Anne y Jane se retiraron de la habitación muertas de risa. Conocían a la perfección los planes de Philippa y la reputación de sir Walter, un caballero pretencioso y célebre por su lascivia. Ahora Millicent lo vigilaría muy de cerca, y cuando su pretendiente sucumbiera a los irresistibles encantos de Philippa, la pobre no podría hacer nada, salvo enfurecerse. Hasta ese día, ninguna amiga de Philippa la imaginaba capaz de semejante conducta. Pero la joven se transformaba, segundo a segundo, frente a ellas, a causa de su dolor. Además, todas las muchachas estaban muy contentas de que Millicent recibiera por fin un merecido castigo.
Philippa se había vestido con esmero para la velada. Disponía de un enorme guardarropa en la casa de lord Cambridge. Sus compañeras, en cambio, tenían que contentarse con un espacio mínimo para sus pertenencias y, además, debían empacarlas rápidamente cada vez que la reina Catalina se mudaba. Philippa compartía esos lujos con sus amigas: Cecily, Maggie Radcliffe, Jane Hawkins y Anne Chambers, y enviaba a Lucy, su propia doncella, a buscar las prendas que cualquiera de ellas necesitara.
Para la ocasión eligió un vestido de brocado de seda color durazno. Tenía un amplio escote cuadrado con una guarda bordada en hilos de oro y falda acampanada. Las mangas ajustaban su delicado hombro y se ensanchaban hasta llegar a la muñeca adornada con puños de volados. De la cintura pendía un largo cordón dorado que sostenía una carterita de brocado de seda. Llevaba una pequeña cofia al estilo Tudor, orlada de perlas, con un velo del que se asomaba su larga cabellera caoba.
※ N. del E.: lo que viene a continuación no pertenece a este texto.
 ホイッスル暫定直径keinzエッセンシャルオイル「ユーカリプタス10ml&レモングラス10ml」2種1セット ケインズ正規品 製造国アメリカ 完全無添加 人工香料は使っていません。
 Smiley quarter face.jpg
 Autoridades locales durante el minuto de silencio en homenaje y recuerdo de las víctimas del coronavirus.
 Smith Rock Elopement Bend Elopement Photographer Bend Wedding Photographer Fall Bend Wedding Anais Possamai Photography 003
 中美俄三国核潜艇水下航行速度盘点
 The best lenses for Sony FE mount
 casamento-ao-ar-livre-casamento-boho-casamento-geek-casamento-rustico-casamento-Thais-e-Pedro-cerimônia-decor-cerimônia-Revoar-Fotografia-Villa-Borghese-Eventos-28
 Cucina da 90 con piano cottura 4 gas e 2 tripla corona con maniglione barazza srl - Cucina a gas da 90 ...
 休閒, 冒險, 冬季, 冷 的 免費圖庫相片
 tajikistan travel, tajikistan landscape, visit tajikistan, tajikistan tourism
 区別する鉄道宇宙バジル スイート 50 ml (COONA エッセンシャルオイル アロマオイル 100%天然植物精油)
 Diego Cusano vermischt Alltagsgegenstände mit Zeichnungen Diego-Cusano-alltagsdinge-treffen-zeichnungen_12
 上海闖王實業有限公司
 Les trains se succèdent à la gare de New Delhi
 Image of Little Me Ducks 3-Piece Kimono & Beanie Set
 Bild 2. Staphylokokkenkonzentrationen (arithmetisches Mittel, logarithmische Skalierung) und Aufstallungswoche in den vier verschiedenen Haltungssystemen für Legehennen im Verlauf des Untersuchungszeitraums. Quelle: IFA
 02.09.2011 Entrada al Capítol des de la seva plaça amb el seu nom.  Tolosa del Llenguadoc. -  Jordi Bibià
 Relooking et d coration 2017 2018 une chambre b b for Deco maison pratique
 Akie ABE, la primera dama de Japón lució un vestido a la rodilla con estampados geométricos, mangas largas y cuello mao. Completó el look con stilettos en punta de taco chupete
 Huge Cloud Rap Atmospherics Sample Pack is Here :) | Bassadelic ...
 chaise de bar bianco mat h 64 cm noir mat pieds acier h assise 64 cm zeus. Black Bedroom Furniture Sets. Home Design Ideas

Adornaba su cuello una fina cadena de oro con un colgante diseñado a partir de un broche de diamantes y esmeraldas que la abuela del rey le había regalado cuando nació.
– No veo nada que cubra tu escote -le advirtió Cecily.
– No -dijo Philippa con una sonrisa desafiante-. ¿Y qué?
– Que tus senos se ven demasiado -continuó Cecily nerviosa.